The 30-minute rounding trick is reusable. Any time you're collecting periodic data (weather, prices, exchange rates), round the timestamp to your desired granularity before ingesting. The dedup layer handles the rest.
CSV is a legitimate integration pattern. Not every data source has an API. Not every API is worth the complexity. A CSV file on disk is the universal adapter. It works with bank exports, spreadsheet macros, manual entry, and anything that can write text. Don't over-engineer the integration when a flat file will do.
One failure should never poison the pipeline. This is the most important design decision in the whole system. Wrap every collector in error handling. Log the failure. Move on. The summary table at the end makes failures visible without making them blocking.
Make configuration optional. If adding a new data source requires configuring all nine, nobody will do it. Each collector checks its own config independently. Deploy first, configure incrementally. Start with the free ones (weather), add APIs as you get tokens.
What's Next
The collectors currently run sequentially. Moving to asyncio.gather() for parallel execution would cut the total run time roughly in half: the bottleneck is waiting on HTTP responses, and most of these APIs are independent.
I want to add collectors for Home Assistant (temperature, humidity, energy usage), Apple Health via Health Auto Export (iOS app that pushes health data to a webhook), and Todoist for task completion tracking.

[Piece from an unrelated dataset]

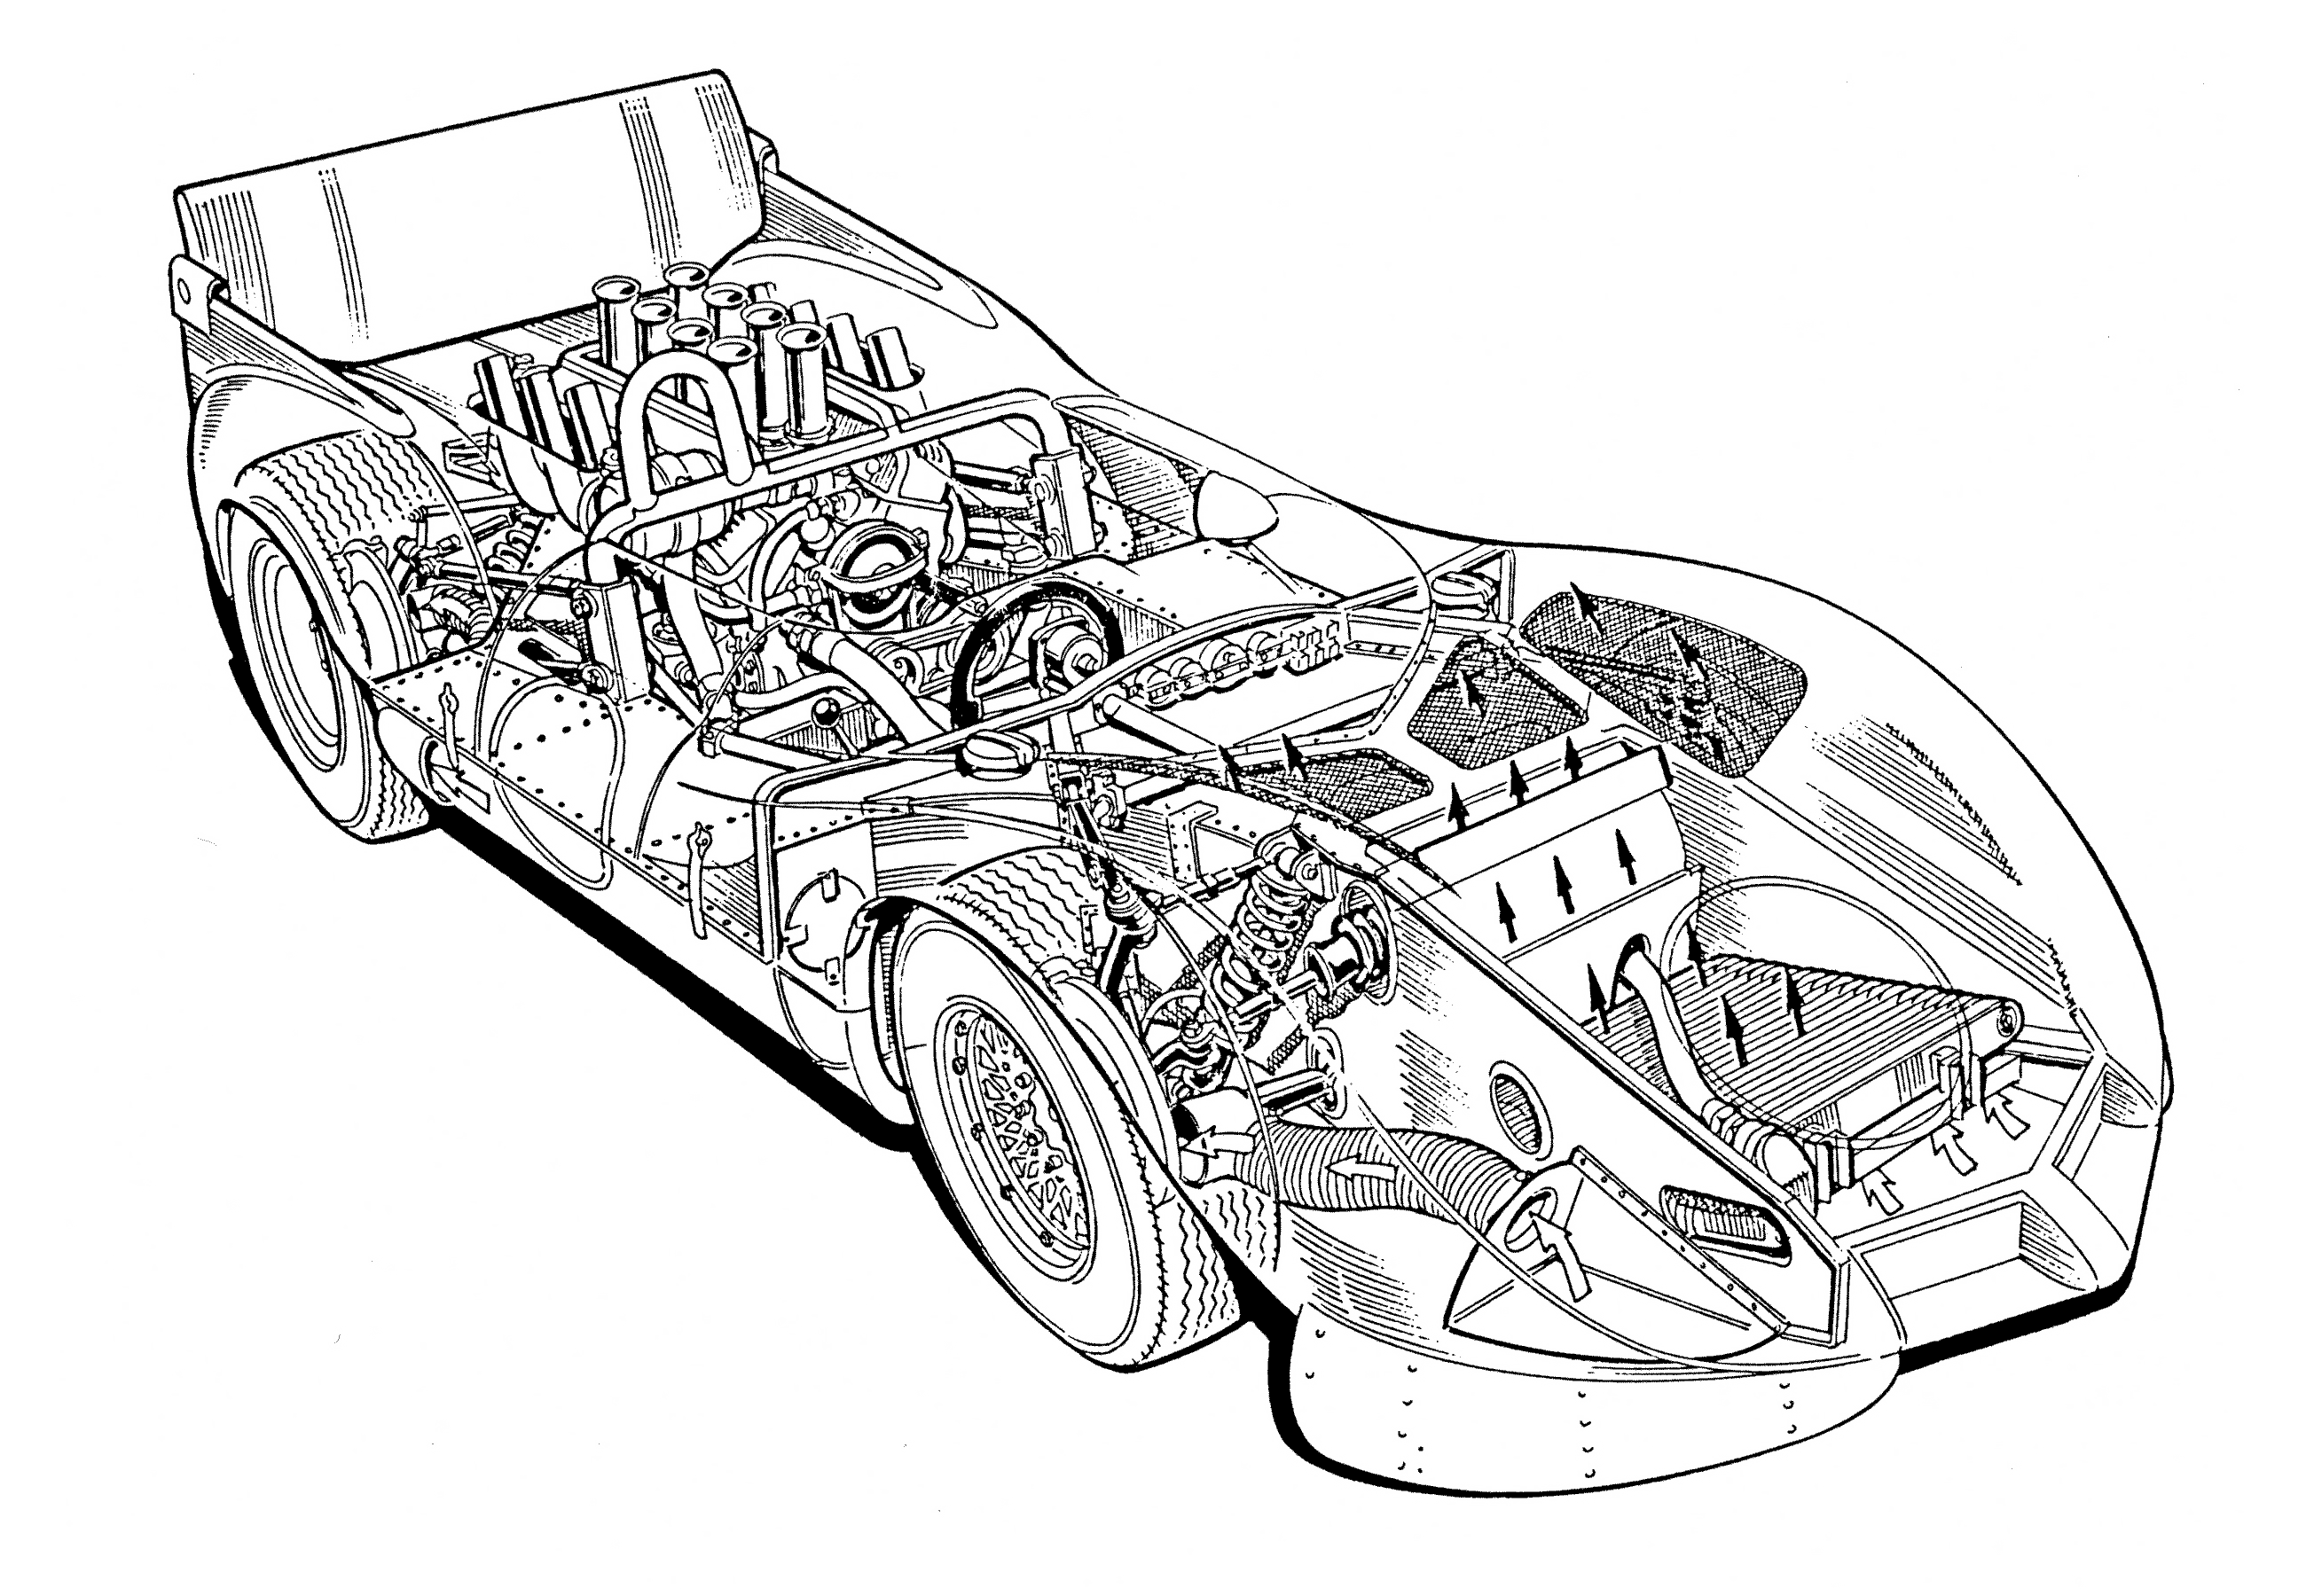 Chaparral 2C cutaway drawing

The bigger project is historical backfill. Right now, collectors only capture data going forward from when they're first configured. Building import scripts for historical Garmin data, old GitHub commits, and past Navidrome listening history would fill in the gaps and make trend analysis meaningful from day one.
The code is open source at github.com/snaviaux/life-hub. The collector pipeline is one of the more reusable pieces: the BaseCollector pattern works for any "poll an API, push to a database" use case.